A perfect lineup of the sun, moon and Earth will be visible across North America for the first time in 38 years on Monday, Aug. 21, 2017.  One of the grandest and most fleeting natural spectacles known to humanity, this total solar eclipse is predicted to be the most viewed ever.  Here are five things for Airmen and families to know for a safe viewing experience:

1. The path of “totality”—when the moon entirely blocks the sun’s face—will stretch from Salem, Oregon, starting at 10:16 a.m. and reach Charleston, South Carolina, at 2:48 p.m.  This means Mountain Home Air Force Base, Idaho, F.E. Warren AFB, Wyoming, Offutt AFB, Nebraska, Scott AFB, Illinois, Arnold AFB, Tennessee, and Shaw AFB and Charleston AFB, South Carolina will briefly experience near 100 percent eclipse, while the rest of the United States will see at least 70 to 90 percent, to include Joint Base Andrews.   

2.  Looking directly at the solar eclipse without proper eye protection is unsafe and can cause serious, permanent eye damage.  The lone exception is during the brief total phase of the eclipse, which will last under 3 minutes and only within the 70-mile wide band of totality.  Outside of that window, there will be harmful rays for the duration of the celestial event. 
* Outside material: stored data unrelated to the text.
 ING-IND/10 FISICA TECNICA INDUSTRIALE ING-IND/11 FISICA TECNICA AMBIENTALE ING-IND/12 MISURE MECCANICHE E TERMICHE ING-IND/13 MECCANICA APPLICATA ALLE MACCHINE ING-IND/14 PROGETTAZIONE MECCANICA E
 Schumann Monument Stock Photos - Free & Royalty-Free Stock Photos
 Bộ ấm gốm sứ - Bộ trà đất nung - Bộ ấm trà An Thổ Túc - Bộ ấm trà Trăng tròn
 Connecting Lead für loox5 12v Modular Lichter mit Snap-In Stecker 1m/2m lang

3.  Homemade filters and standard sunglasses—even dark or polarized ones—are not sufficient to prevent eye damage.  This also goes for unfiltered cameras, telescopes, binoculars and other optical devices.  The only safe way to directly view the uneclipsed or partially eclipsed sun is through special-purpose solar filters (“eclipse glasses” or handheld solar viewers) that are “CE” certified and meet the ISO 12312-2 international standard.  Look for these at community centers, public libraries and through reputable manufacturers online.  Those within the narrow band of totality can remove the solar viewer when the moon completely covers the sun and should replace them for the remaining partial phases.  Always supervise children using solar viewers as young eyes are particularly susceptible to solar exposure damage. 

4.  Indirect viewing techniques are a safe and fun alternative.  Pinhole projectors using your hands, cereal boxes or other projection techniques are popular ways to safely observe a solar eclipse.  Look online for instructions on how to make a simple projector.  For the safest viewing experience, NASA will host a livestream “Eclipse Megacast” with exclusive multi-platform coverage across the path of totality.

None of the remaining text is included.